Que saudade! De todas as canções ecoadas por mais um retirante nordestino.
Um retirante, mais que notável, mais que enredado;
Opinião! Sua porta de entrada.
Opinião às vezes torta, de um personagem de uma época de mais valores.
Época de casamento com ideias unilaterais, mas de crias múltiplas...
Que saudade daquele coração contido, confuso e contestador.
Perdido em alguns copos, mas que se encontrava num olhar saudoso de sua busca. 
Busca não compreendida e acho que transferida para suas crias.
“Ser ou não ser, eis a questão!”
Do coração que não me lembro de dar-me colo!
Ou a única que vez que me lembro, de um colo, foi quando:
depois de minha vida tão precoce, quase perdida! Trouxe-me da Av. Paulista, num ônibus até São Miguel Paulista. Singular era o colo.
Que memória é a minha! Tão desfavorável. Demorou pra registrar o seu olhar!

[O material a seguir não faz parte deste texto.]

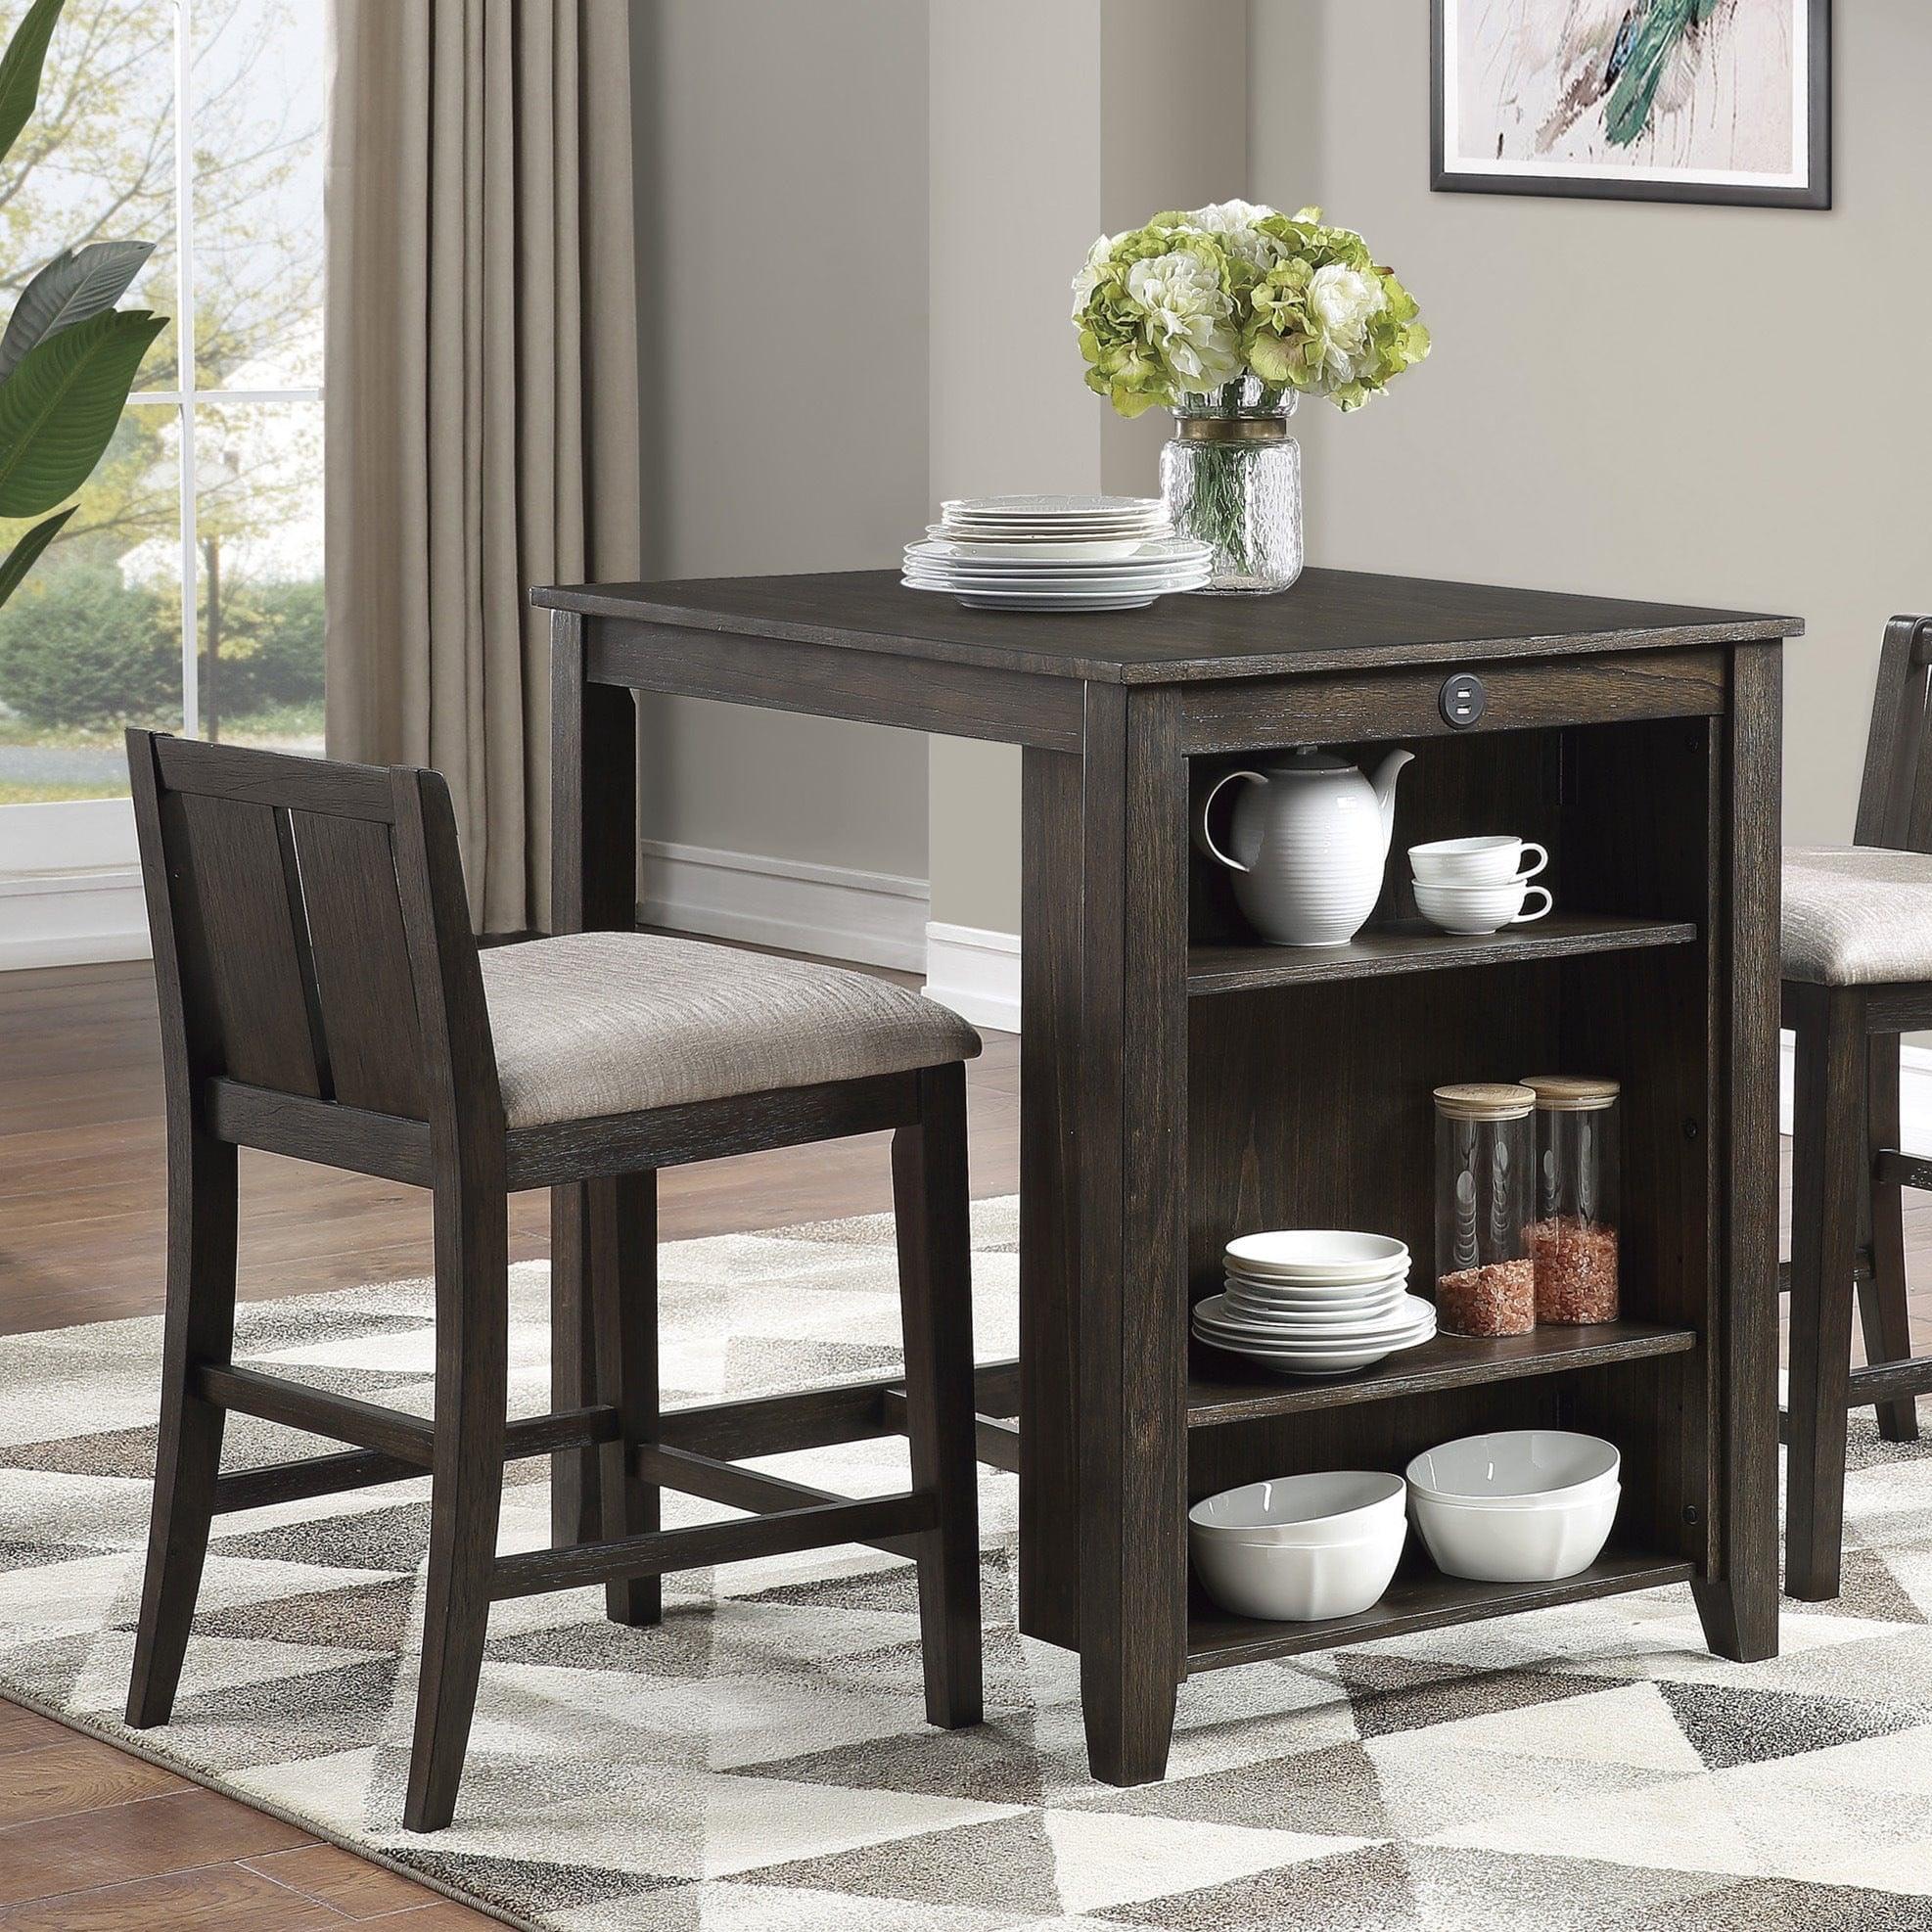 Shop Transitional Design Dark Cherry Finish 3-piece Pack Counter Height Set Table w Display Shelf USB ports and 2x Counter Height Chairs Fabric Upholstered Dining Furniture Mademoiselle Home Decor

Um olhar orgulhoso da minha união, da minha concepção gemelar...
Olhar que me é tão necessário pra viver...
“Mar e terra, Inverno e Verão, Mostro um sorriso, Mas eu mesmo não. E a saudade no coração.”
Aquiete sua alma!
Sou fruto talvez de sua busca. Sou feliz por todas as canções que ouvi...
Letras de que não me lembro, mas uma voz... Inesquecível.
“E agora José!”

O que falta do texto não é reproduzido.